Even now, it feels like I should be able to make things work. Now that I’m not about to start a race, it feels like, duh, just get fired up and go! How hard is that?! But when the race days come, it feels impossible. There is no confidence, no fire, no motivation, no excitement. Just feelings of dread and anxiety. It doesn’t feel like winning or even doing anything worthwhile are possible – my goal is just to finish and even that feels hard.
I can’t understand why. There has been a lot of stress in the past seven months: personal defeats and struggles, outside noise and changes, lots of time on the road. I guess it has all added up to this now: I need a break and to figure out how to believe in myself enough to go out and race hard. The deafening noise has to stop for a moment so I can reset and begin again.

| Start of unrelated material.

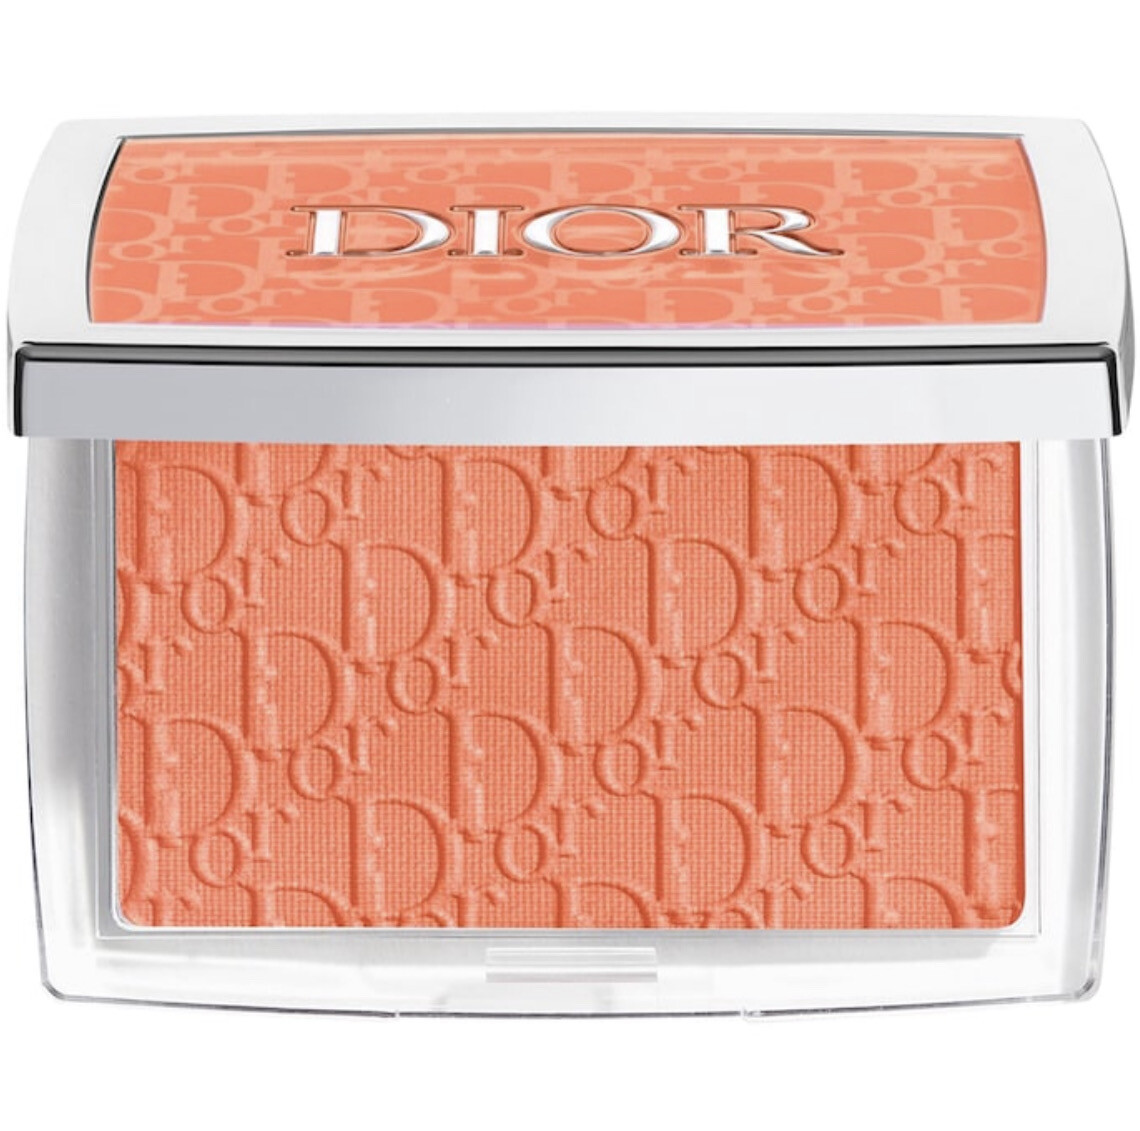 Dior - BACKSTAGE Rosy Glow Blush | 004 Coral - a luminous coral

My team has been so supportive over the past few weeks. My director has let me take the time and space I need and the other riders have dealt gracefully with all sorts of emotions. When it got to the point where I was crying over everything and having laughably bad luck – as in, smashed my head on the team car roof rack, crashed before the start of the Winston-Salem UCI road race, had a panic attack on a group ride and sprinted away from everybody while shedding layers of clothing – people gave me the space I needed to lose my shit and then get it back together again. My husband even came down to North Carolina for two consecutive weekends to be there with me. I couldn’t ask for a better support system.
But unfortunately, nobody can fix this for me. I don’t actually know how to sort this out, but I know it’s going to be something I have to figure out myself. The surface question is how can I love racing again, but the real question is how can I love myself again? It sounds so stupid and trite, but I think that’s the real underlying problem. After months of self-doubt and self-flagellation, of worrying about food and poking at my stomach and punishing myself with workouts, how can I find confidence?
I wish more athletes would talk about their experiences with this kind of struggle, but all I see are occasional mentions of somebody “taking time off to address a health issue” or something else vague and politically correct. Few seem to be interested in showing doubt or looking weak, which is understandable. But honestly, I don’t care how I look. I care how I feel and how I race, and neither are going particularly well at the moment. So I share these problems with everybody because what have I got to lose? Maybe you’ll have a suggestion. Maybe you feel the same way and are happy to know you’re not alone. Maybe you’ve been through this before and figured it out and want to share your story. Or maybe I just helped you pass five minutes of your workday, in which case you’re welcome. Thanks for reading.